On 12/12/2013 11:05 AM, Sasha Levin wrote:
> On 12/12/2013 01:59 PM, John Stultz wrote:
>> On 12/12/2013 10:32 AM, Sasha Levin wrote:
>>> On 12/12/2013 11:34 AM, Sasha Levin wrote:
>>>> On 12/11/2013 02:11 PM, John Stultz wrote:
>>>>> As part of normal operaions, the hrtimer subsystem frequently calls
>>>>> into the timekeeping code, creating a locking order of
>>>>>     hrtimer locks -> timekeeping locks
>>>>>
>>>>> clock_was_set_delayed() was suppoed to allow us to avoid deadlocks
>>>>> between the timekeeping the hrtimer subsystem, so that we could
>>>>> notify the hrtimer subsytem the time had changed while holding
>>>>> the timekeeping locks.

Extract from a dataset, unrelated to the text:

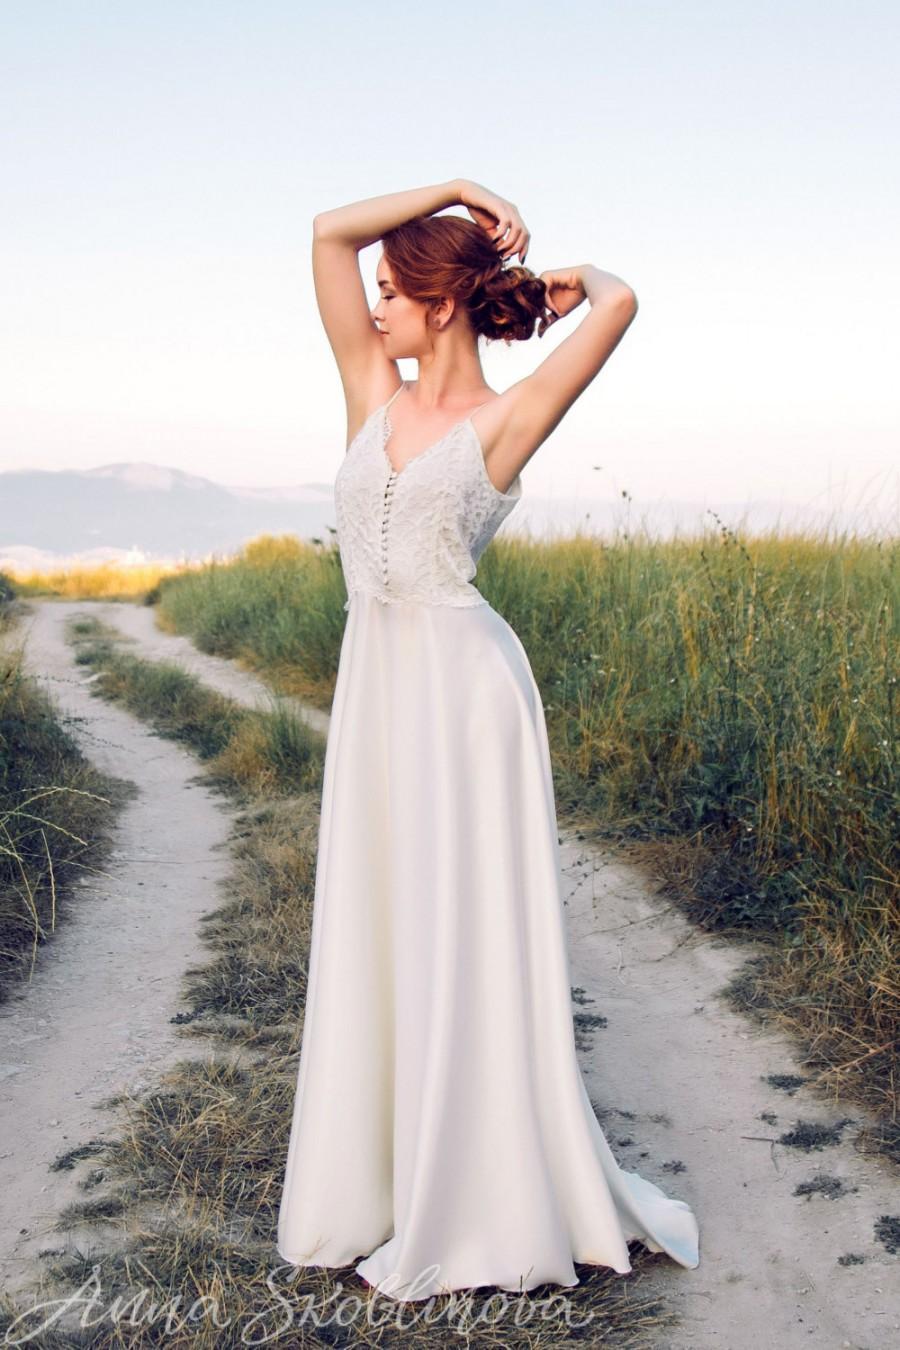 Wedding - Silk dress, Silk wedding dress, Silk gown, Simple wedding dress, Simple prom dress, Simple gown, 0002 // 2016

This was done by scheduling delayed work
>>>>> that would run later once we were out of the timekeeing code.
>>>>>
>>>>> But unfortunately the lock chains are complex enoguh that in
>>>>> scheduling delayed work, we end up eventually trying to grab
>>>>> an hrtimer lock.
>>>>>
>>>>> Sasha Levin noticed this in testing when the new seqlock lockdep
>>>>> enablement triggered the following (somewhat abrieviated) message:
>>>>
>>>> [snip]
>>>>
>>>> This seems to work for me, I don't see the lockdep spew anymore.
>>>>
>>>>       Tested-by: Sasha Levin <sasha.levin@oracle.com>
>>>
>>> I think I spoke too soon.
>>>
>>> It took way more time to reproduce than previously, but I got:
>>>
>>>
>>> -> #1 (&(&pool->lock)->rlock){-.-...}:
>>> [ 1195.578519]        [<ffffffff81194803>] validate_chain+0x6c3/0x7b0
>>> [ 1195.578519]        [<ffffffff81194d9d>] __lock_acquire+0x4ad/0x580
>>> [ 1195.578519]        [<ffffffff81194ff2>] lock_acquire+0x182/0x1d0
>>> [ 1195.578519]        [<ffffffff843b0760>] _raw_spin_lock+0x40/0x80
>>> [ 1195.578519]        [<ffffffff81153e0e>] __queue_work+0x14e/0x3f0
>>> [ 1195.578519]        [<ffffffff81154168>] queue_work_on+0x98/0x120
>>> [ 1195.578519]        [<ffffffff81161351>]
>>> clock_was_set_delayed+0x21/0x30
>>> [ 1195.578519]        [<ffffffff811c4b41>] do_adjtimex+0x111/0x160
>>> [ 1195.578519]        [<ffffffff811360e3>] SYSC_adjtimex+0x43/0x80
>>> [ 1195.578519]        [<ffffffff8113612e>] SyS_adjtimex+0xe/0x10
>>> [ 1195.578519]        [<ffffffff843baed0>] tracesys+0xdd/0xe2
>>> [ 1195.578519]
>>
>> Are you sure you have that patch applied?
>>
>> With it we shouldn't be calling clock_was_set_delayed() from
>> do_adjtimex().
>
> Hm, It seems that there's a conflict there that wasn't resolved
> properly. Does this patch
> depend on anything else that's not currently in -next?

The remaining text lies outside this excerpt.